# Small boat setup advise



## SWMbruiser (Jan 25, 2012)

Would like some advise in how to better troll more lines on a smaller boat. I have an 18.5' Lund Tyee with Bert's tracks. 2 rod trees , 4 ratcheting holders, a big jon downriggers and cannon downrigger. 

I can run 6-7 lines no problem. 

1 rigger in each side.
1 Magnum dipsey (braid) on each side set on 3
1 300 copper on each side of planers
And usually the full core on one and and 7 color on the other side.

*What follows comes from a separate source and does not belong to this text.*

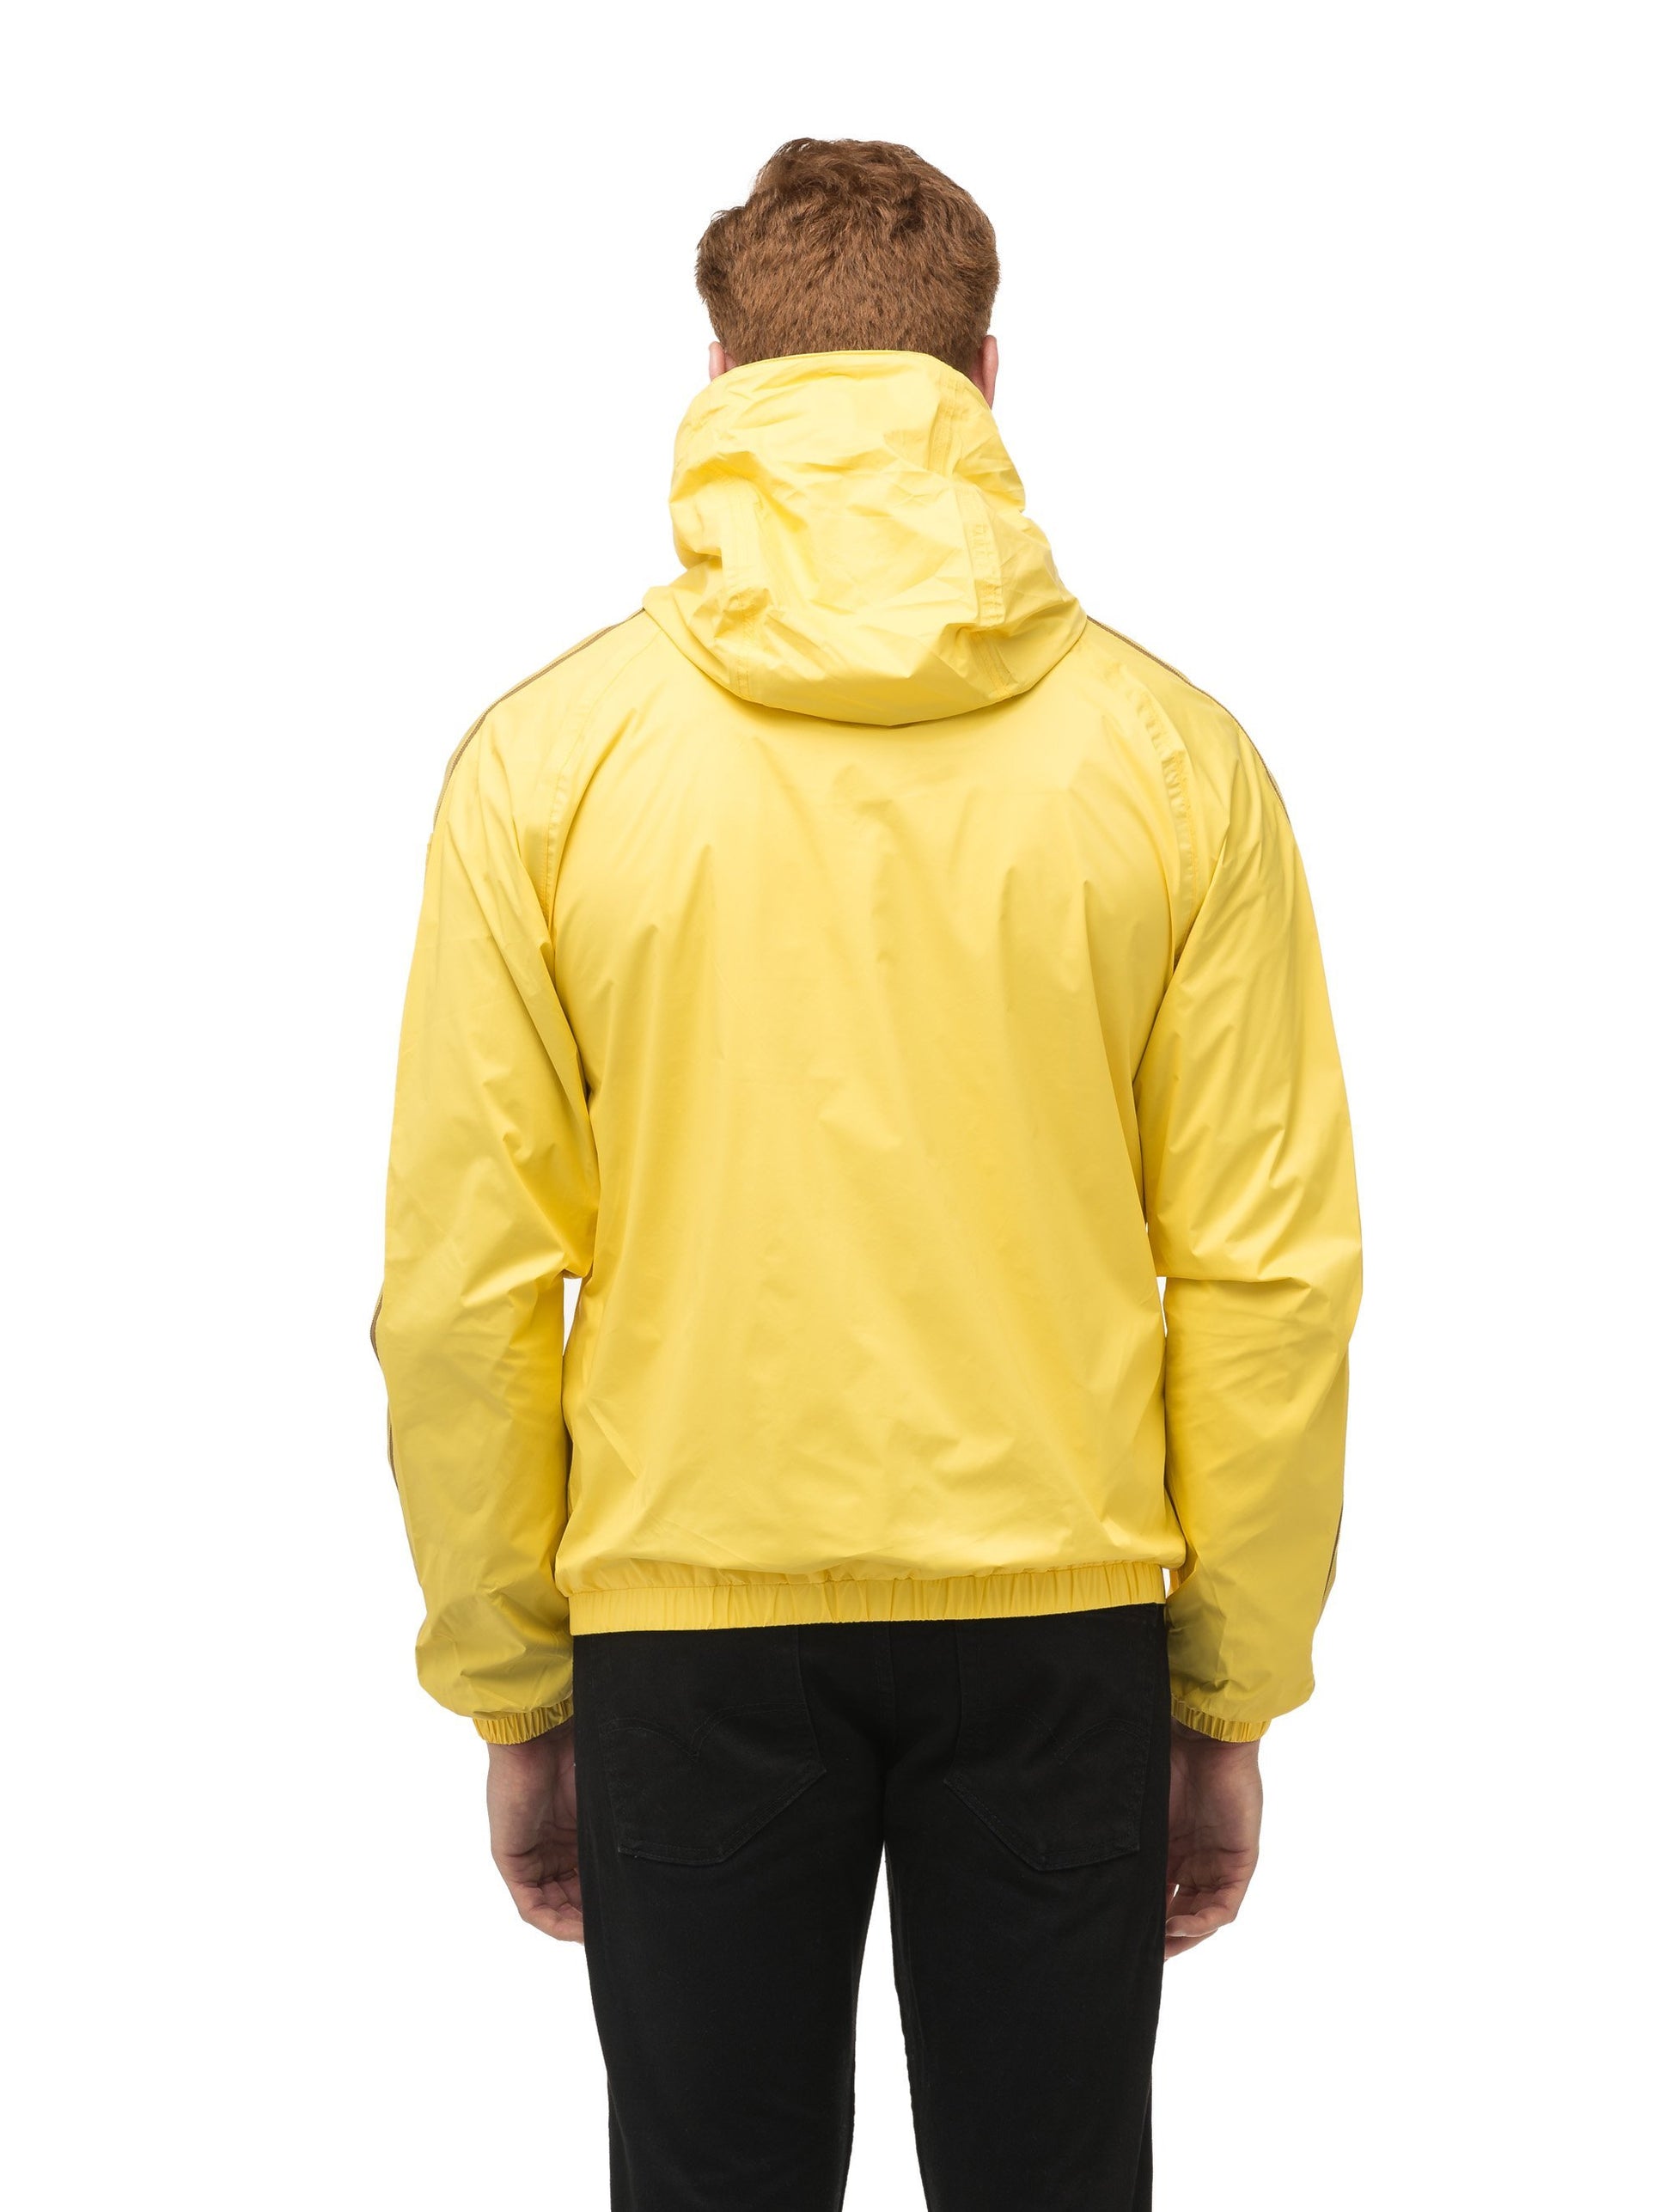 Men's waist length windbreaker with hood in Citron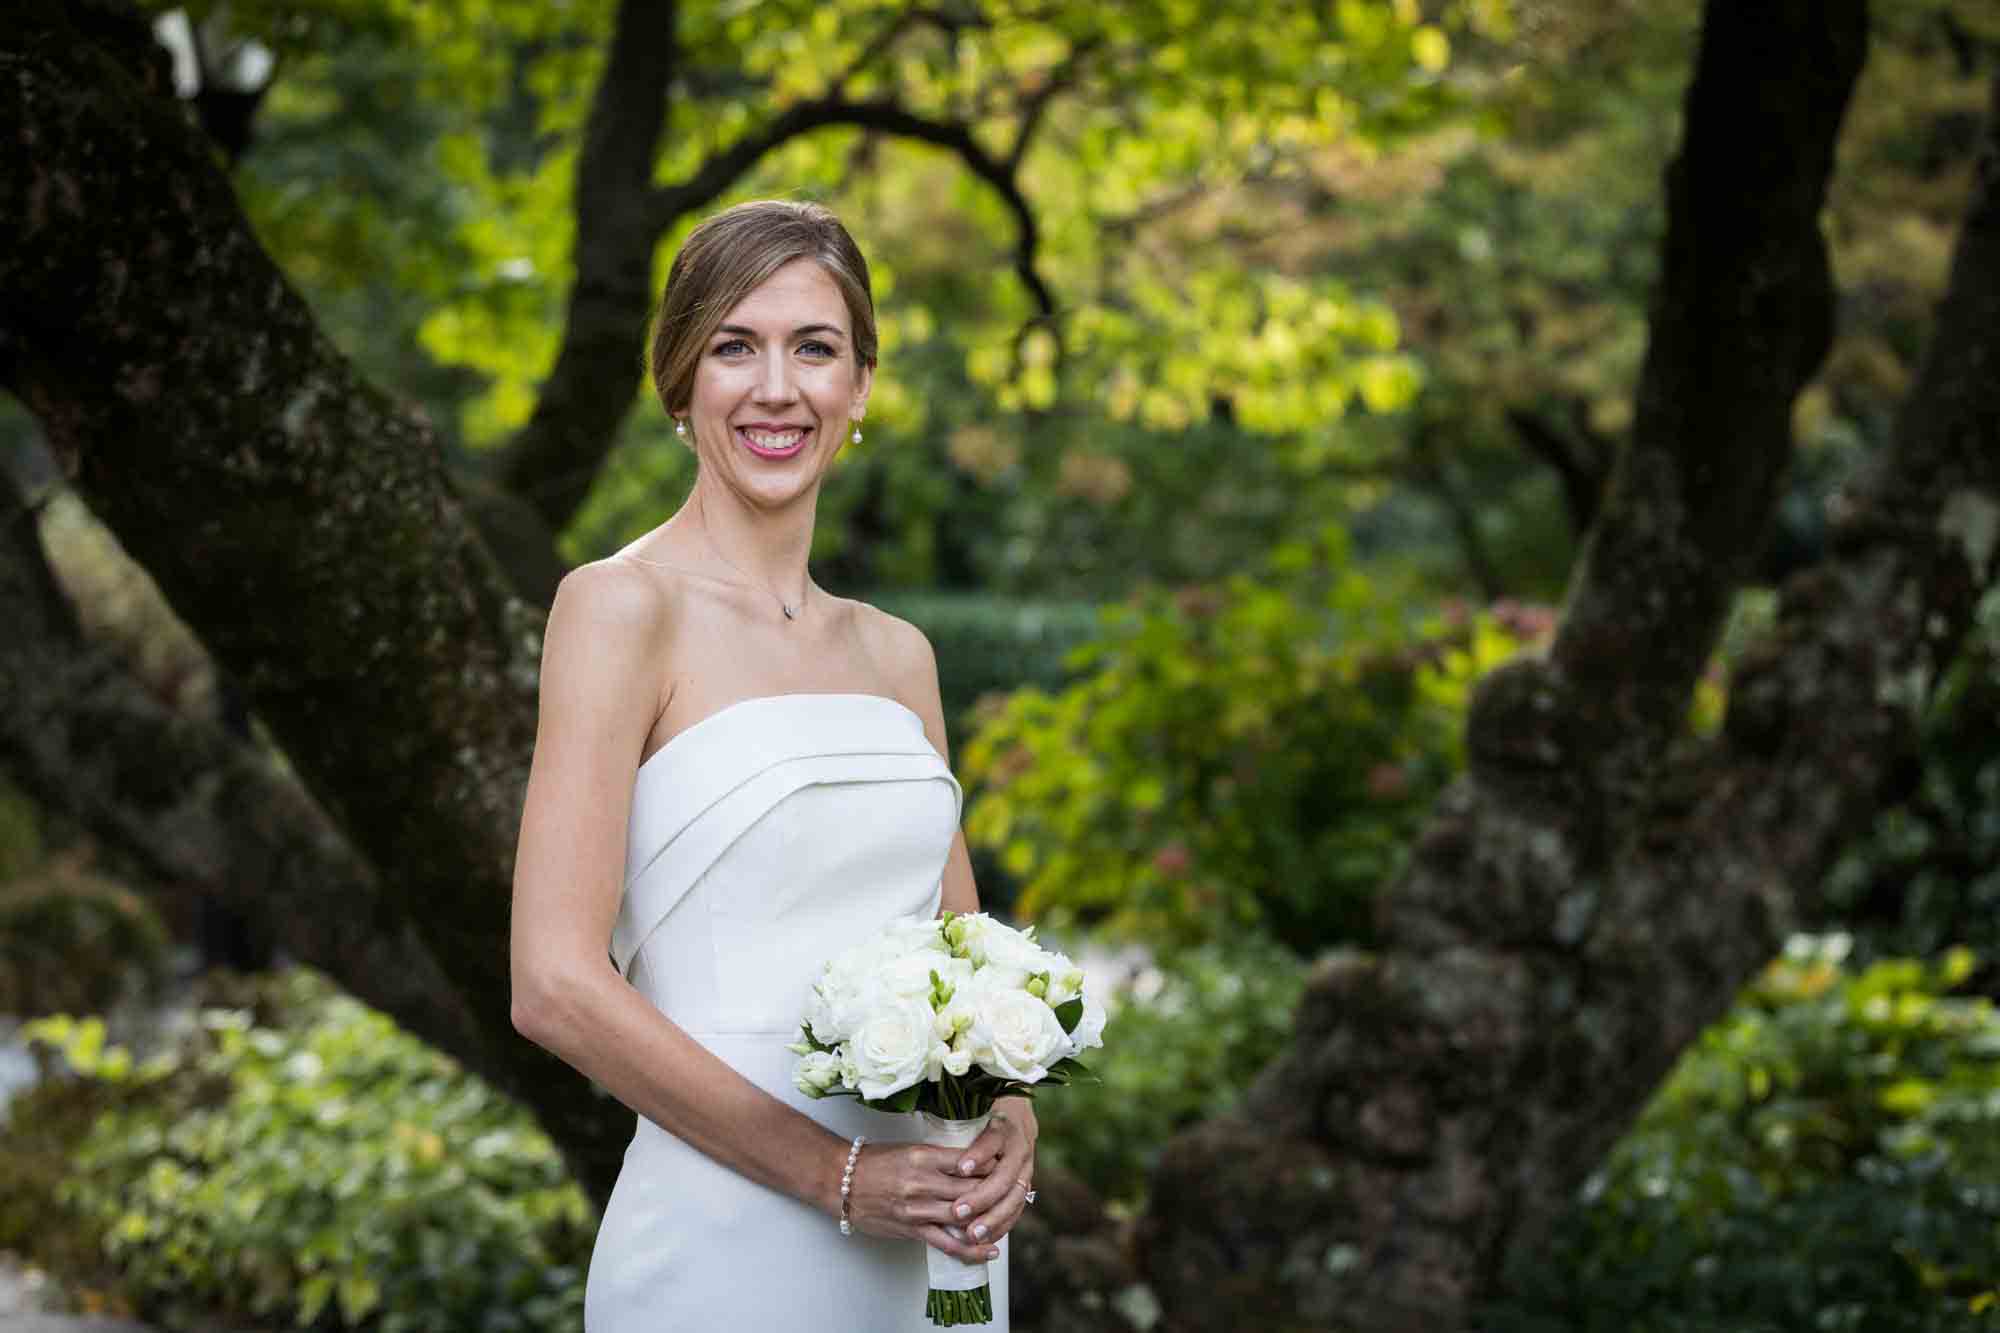 Conservatory Garden wedding photos of bride wearing strapless gown holding flower bouquet

My lead cores have not been producing very well for me. so until I can get a 150 copper, I am considering running 2 dipseys on each side, and ditching the lead

Would like to get up to 9 or so rods. I would like to run 2 dipseys off each side, but setting my Magnum dipseys on 3 does not really seem to get it out to the side very far in my opinion. So I am afraid if I put another first on 1 as a low diver I will run into tangles, either with my riggers or the other dipsy. Does anyone one else with a smaller boat have a setup that works well for them, to get up to 9 or more rods? How do you run it? Thanks


----------



## jmiller (Nov 16, 2011)

What you listed that you usually run is 8 rodes, which on a small boat is plenty. The more you have out the better chance of a tangle, the only thing I would suggest is a shorter core on both sides or stack your downriggers


----------



## SWMbruiser (Jan 25, 2012)

I thought about stacking my riggers. Used to do it quite a bit. But my down riggers don't seem to produce like my dipseys or copper.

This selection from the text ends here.